As the Government’s forecast for farm business income for the year to February 2024 confirms, the decline in arable farmers’ economic fortunes over the past year must be one of the most dramatic reversals any of us can remember. The figures show a 77% average decline in income per farm from £150,000 to £34,000.
Almost exactly two years ago feed wheat prices peaked at £340 per tonne and oilseed rape at £930 per tonne. These two crops form the core profitability on most arable farms, so the financial impact of their decline in value, to £150 per tonne for wheat and £330 per tonne for rape, cannot be overstated.
A collapse in arable commodity prices is one thing, but when that is combined with the surge in the cost of production seen in the past two years, it magnifies the problem hugely. Farm business data company Yargo has found that variable costs of producing wheat in 2023 increased significantly, with the costs of fertiliser and fungicides in particular rising steeply.
Predictably, then, the forecasts from business consultants Andersons for their ‘typical’ model 600-hectare, 40% owned, ‘Loam Farm’ are extremely gloomy. They show a margin from production of £153 per hectare in 2023 (down 59% on 2022), with that due to drop to £18 per hectare in 2024 (down a further 88% on 2023).

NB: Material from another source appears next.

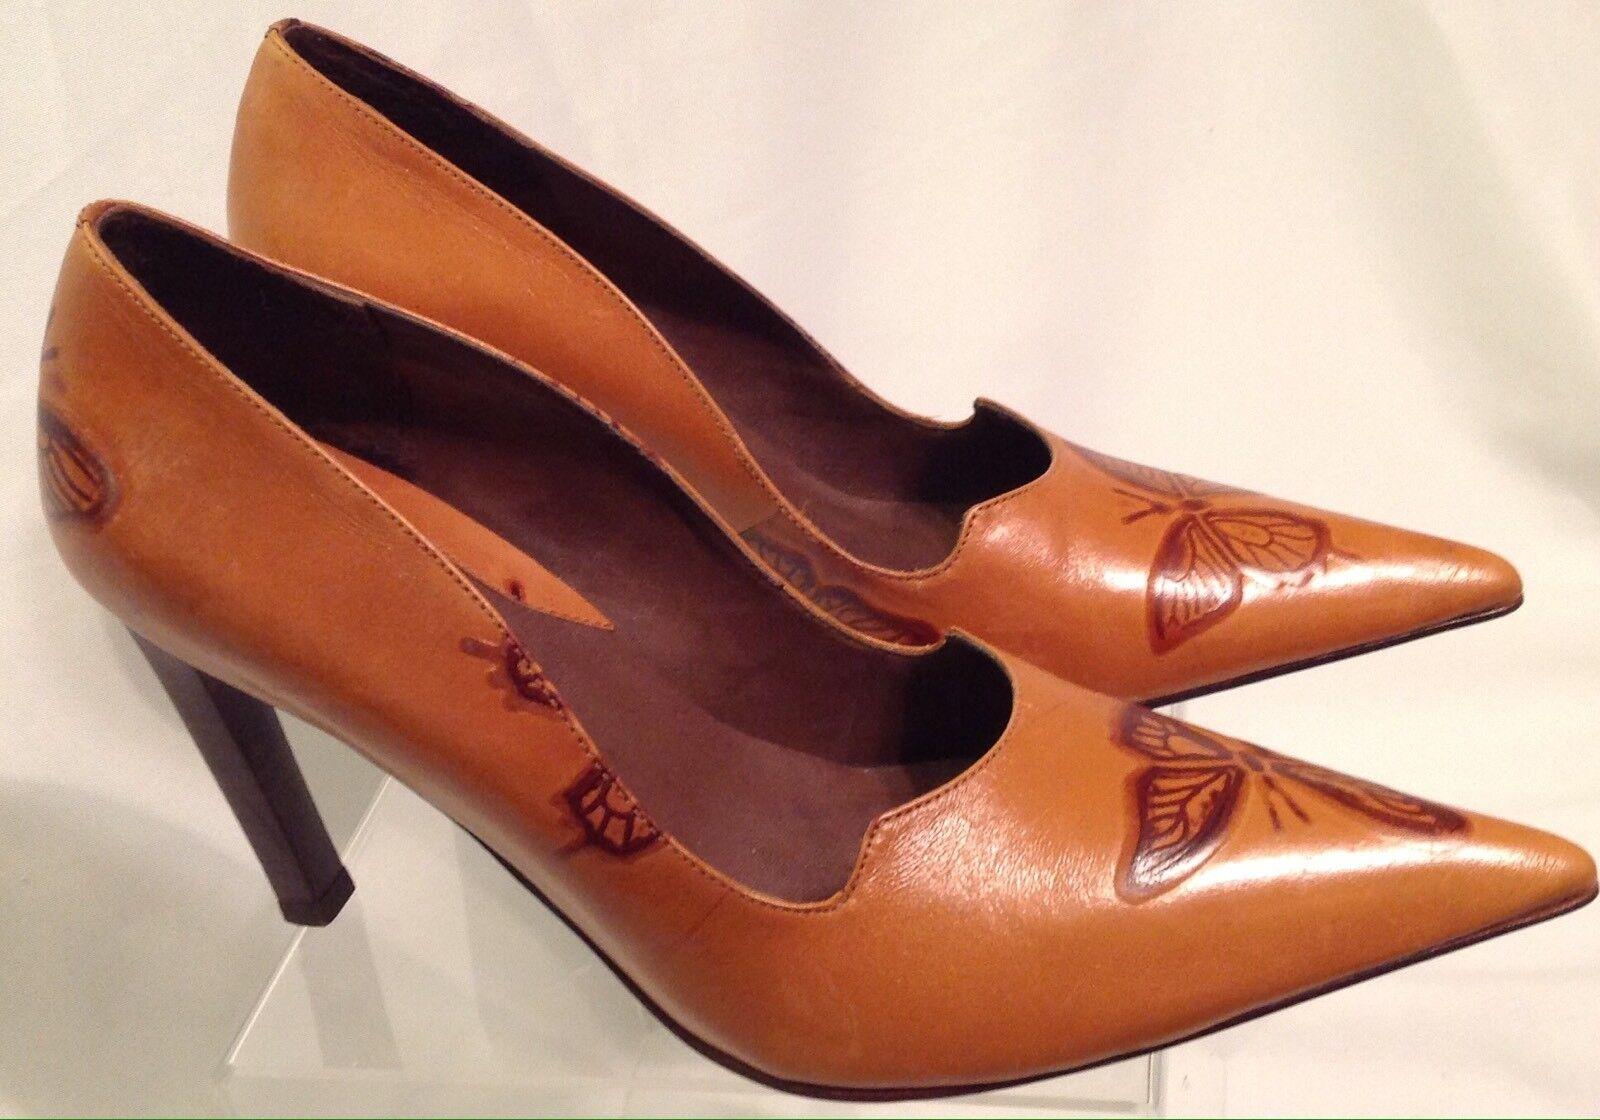 SCHUTZ Pumps Stiletto 9B EU 40 Schuhes Braun Beauty Butterfly Leder Embossed

Many hope that the Sustainable Farming Initiative (SFI) will come to their rescue. But, as a friend who grows 400 hectares of cereals and has just signed up said recently: “It will pay us £16,000 a year, which is not much compensation for the withdrawal of the Basic Payment Scheme.”

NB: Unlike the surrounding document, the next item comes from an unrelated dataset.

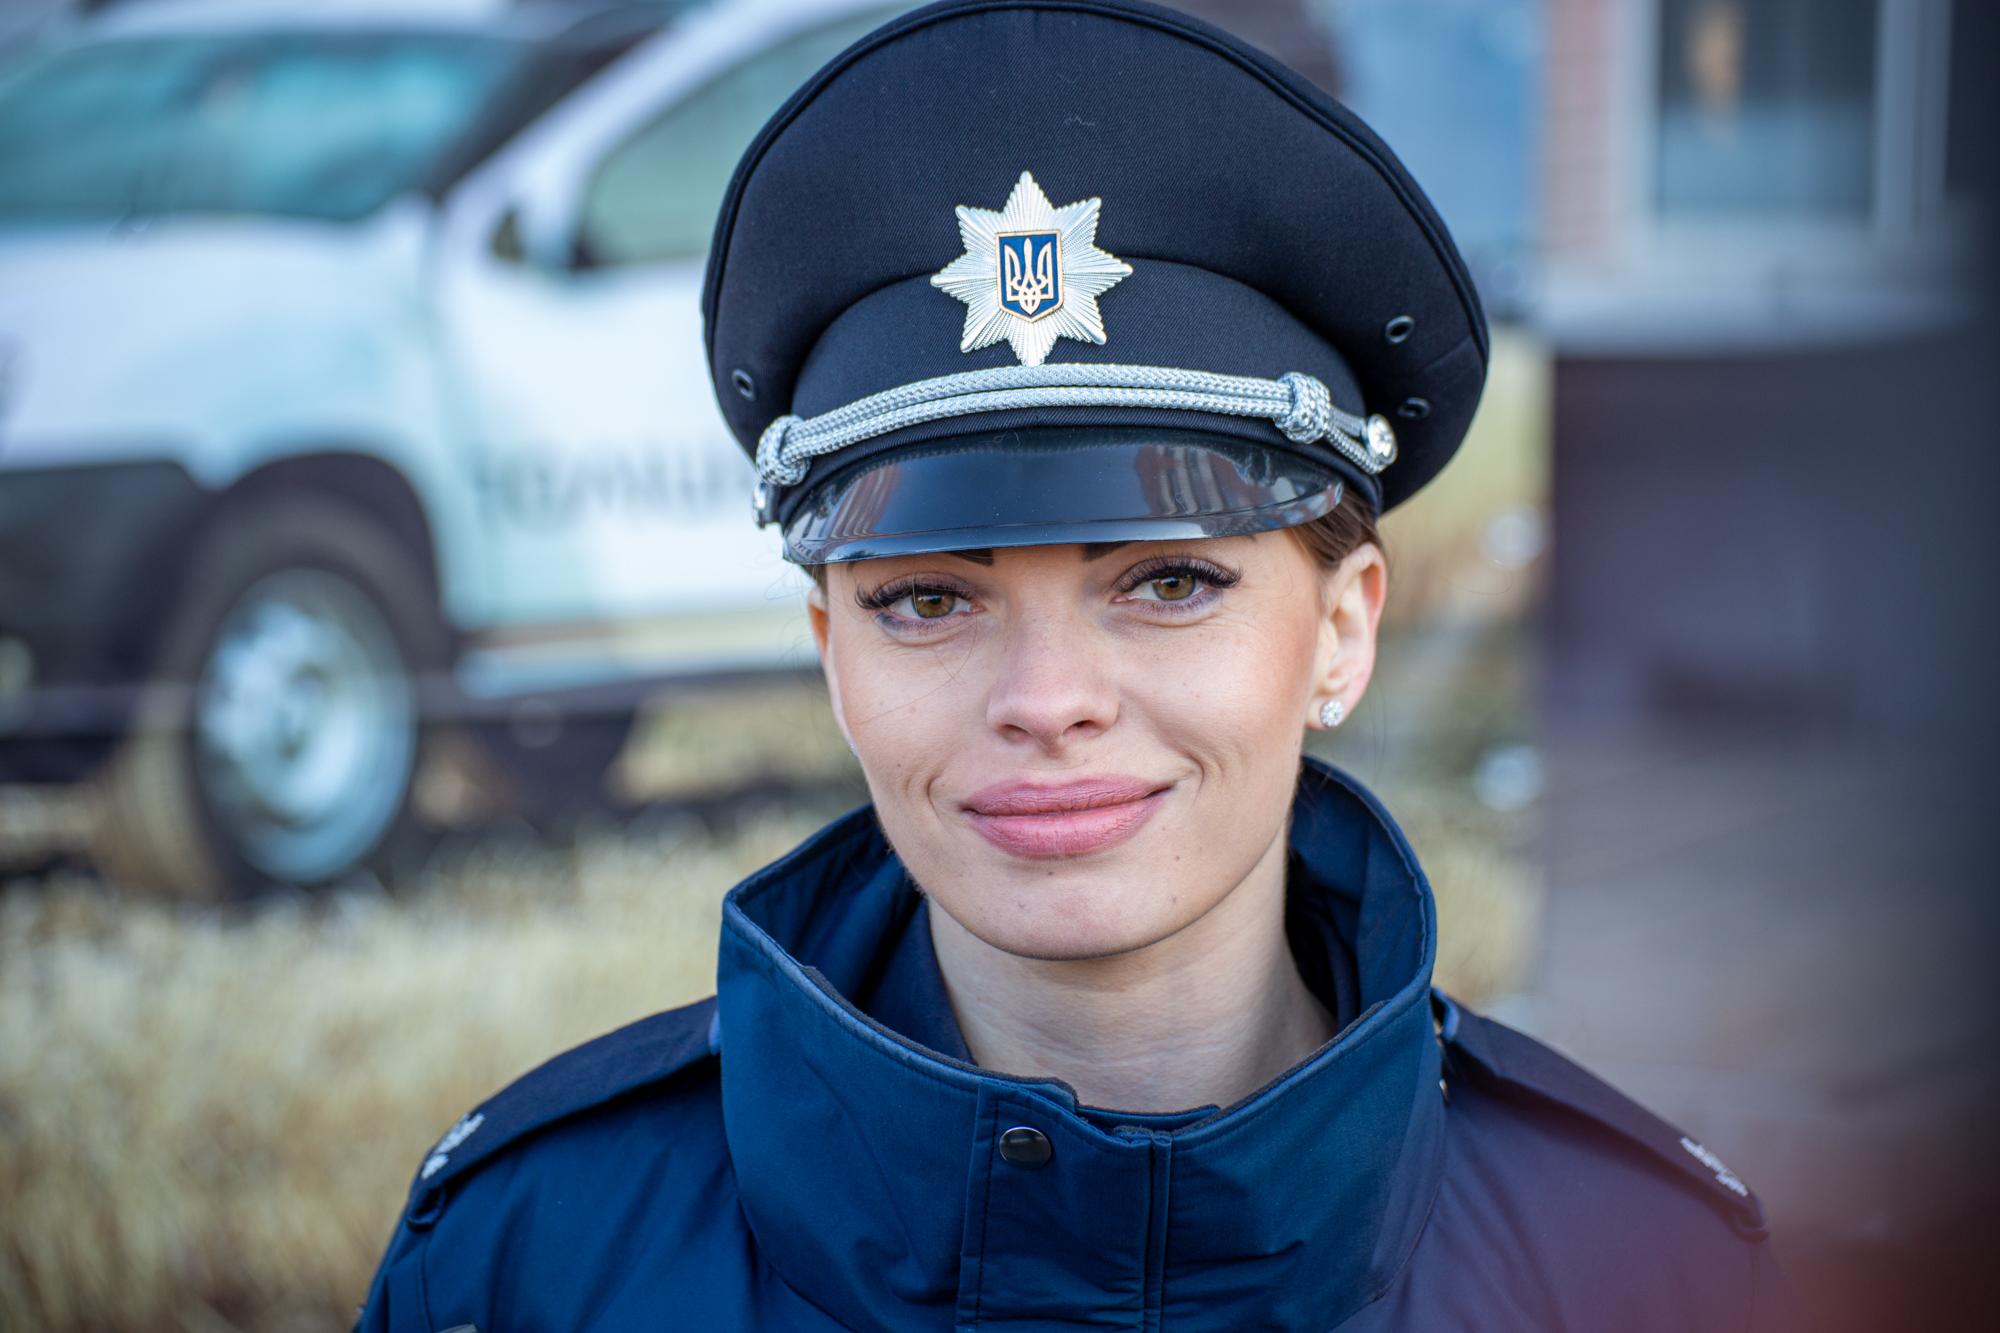 «Прагну до того, аби на вулицях нашої територіальної громади було безпечно», –поліцейська офіцер Слобожанської громади, майор Катерина Бідило

And that, of course, is the third element of this perfect storm that is decimating arable incomes: the phasing out by 2027 of the old EU BPS subsidy. Even before the recent decline in arable commodity prices and the rise in our production costs, only one in ten UK arable farms was profitable without BPS, so just where we are headed if current trends continue doesn’t bear thinking about.
One course of action is that we all get fed up with our losses and pile into some of the more attractive options under the recently revamped Environmental Land Management scheme (ELMS). Fifty new ELMS actions were announced this year and perhaps many farmers will be tempted, for example, to plant a nectar flower mix paying £739 per hectare. Similarly, if wheat prices don’t improve, the option to raise water levels in arable peat soils to near the land surface for £1,381 per hectare might be hard to resist.
Even if farms do see ELMS as a financial saviour, the Government has made it clear that, should UK grain production levels come under threat due to large-scale uptake, they will withdraw or ration ELMS participation.
Like it or not, it seems that most of us will have to continue with our arable crop production. Which reminds me of a 20-hectare block I’ve still got to sow to spring beans. Thanks to all the rain, the field looks like I’ve taken an ELMS payment to raise water levels to near (or even above) the land surface. Unfortunately, I’m not being paid £1,381 per hectare, but perhaps by next year I’ll have signed up.